Here's an answer that is not really about division by $0$. $\tan(\alpha)$ is the length of the line segment that is tangent to the unit circle in the image below. So what would happen to this length if $\alpha$ were $\pi/2$?

Note this diagram works for all nonvertical angles as long as you interpret the "length" of the tangent segment as negative if it ends up on the lower side, and also as long as you are willing to pull back rays from obtuse angles until they intersect that vertical line there.

It's debatable that $\tan(x)$ is defined as $\frac{\sin(x)}{\cos(x)}$, as some other answers suggest.
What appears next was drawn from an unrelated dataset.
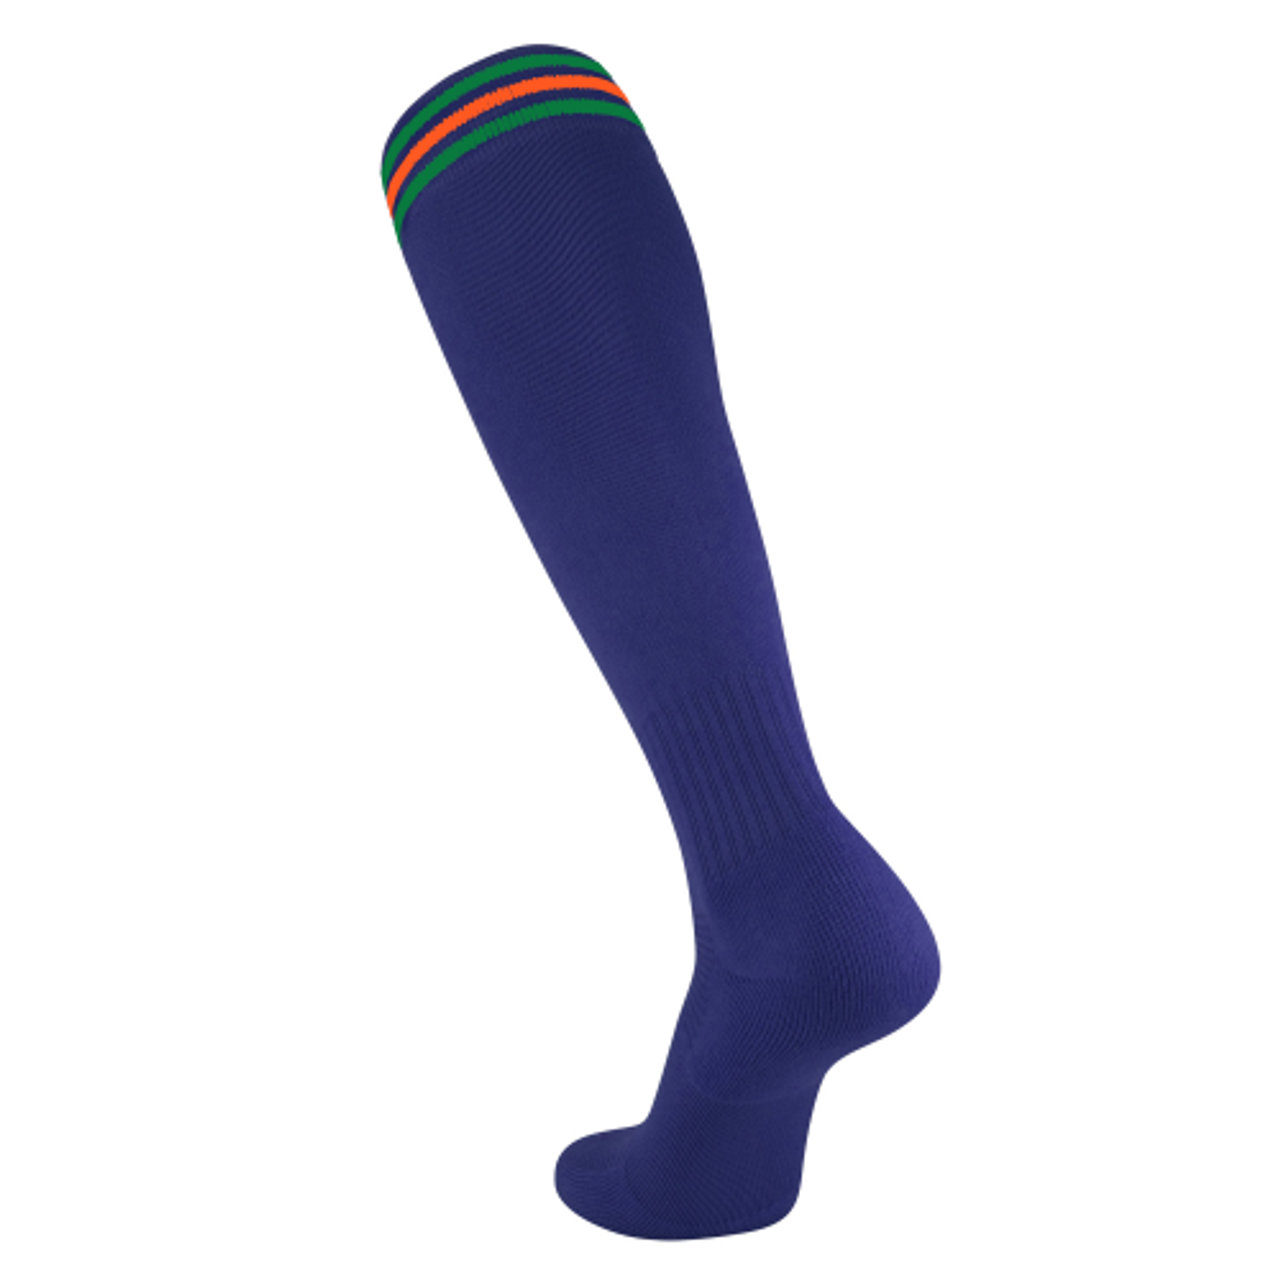 Navy/Orange/Green 3-Stripe Socks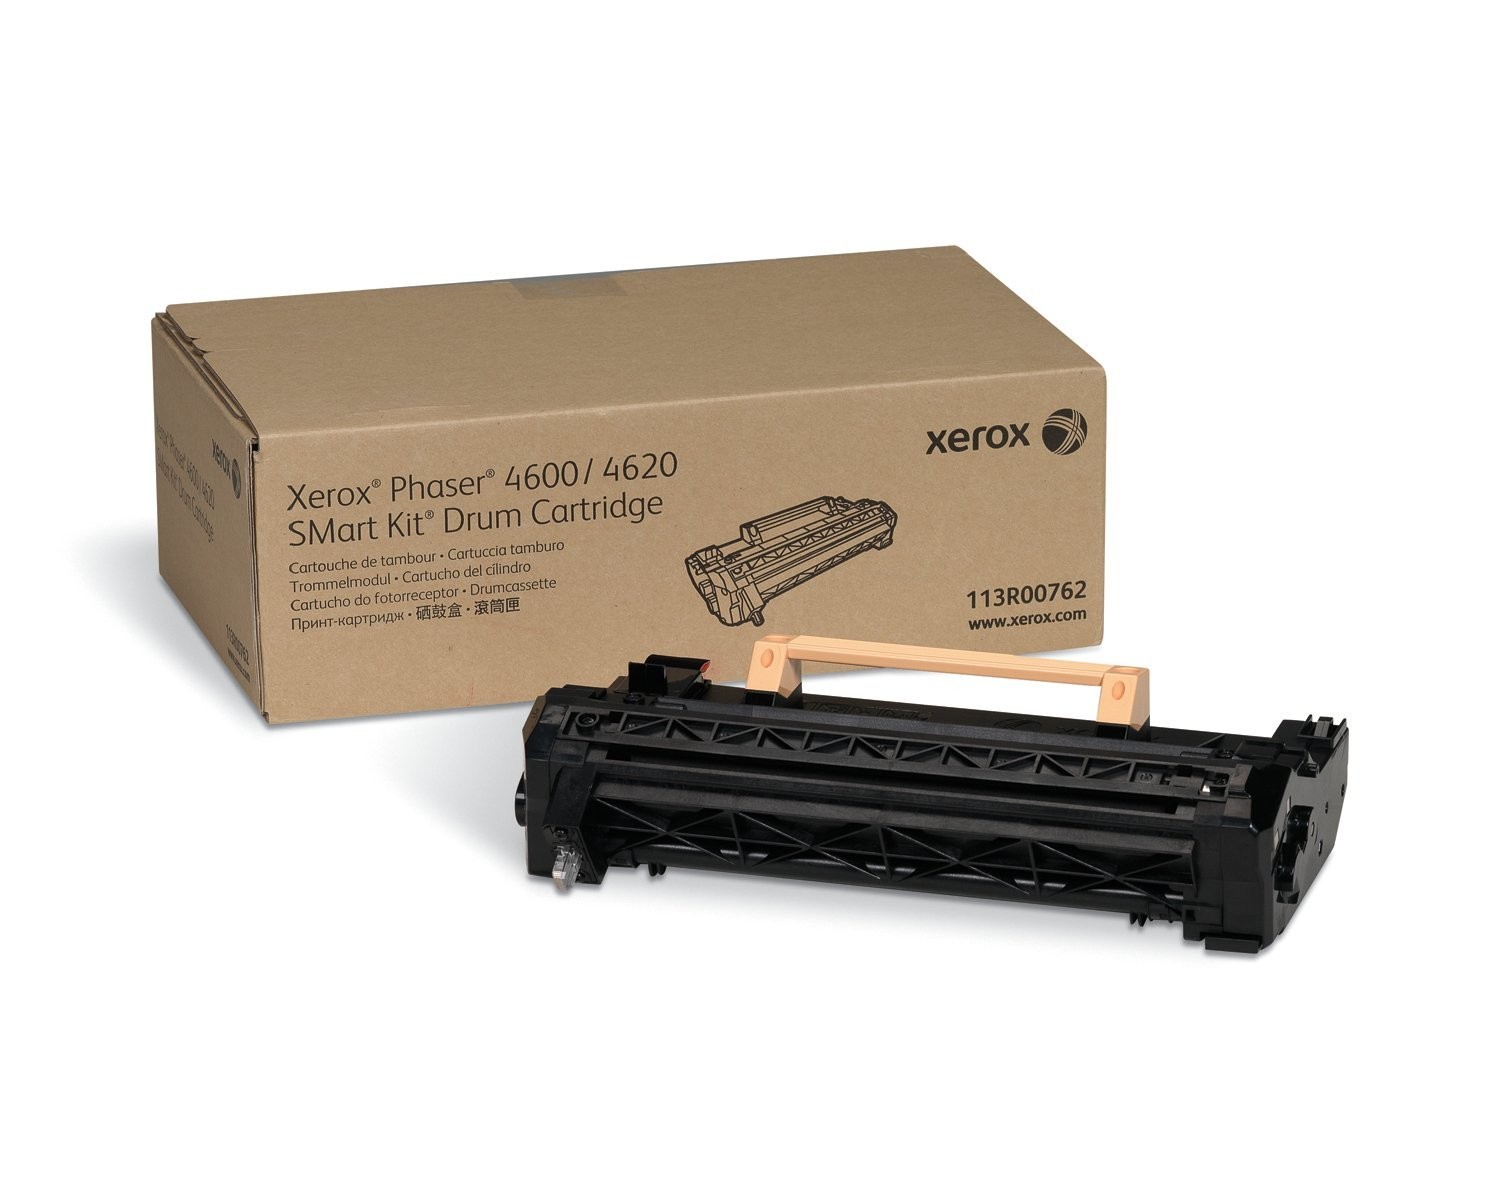 Xerox Imaging Drum Toner Cartridge For Phaser 4600 4620 4622 Black 113R00762

I think its name suggests that its original definition is more like what we see in this diagram: something about a tangent line. It just happens to be equal to $\frac{\sin(x)}{\cos(x)}$ because of similar triangle ratios. Similarly, $\sec(x)$ is the length of the hypotenuse in this picture, and a secant line is any line that cuts through a curve, like the hypotenuse here cuts through the circle.

Answer 3

Because $\tan(x)$ is defined as being equal to $\sin(x)/\cos(x)$, and $\cos(\pi/2)=0$. So $\tan(\pi/2)=1/0$, which is undefined because of the division by zero.

Answer 4

Well, you can see that $$\tan x:= \frac{\sin x}{\cos x}$$ and it's known that $\sin \frac{\pi}{2}=1$ and $\cos \frac{\pi}{2}=0$.

Answer 5

A feature not explained in other answers is that you can't define the tan function as simply "infinite" at the point of discontinuity. From one side it is unboundedly positive, and from the other unboundedly negative.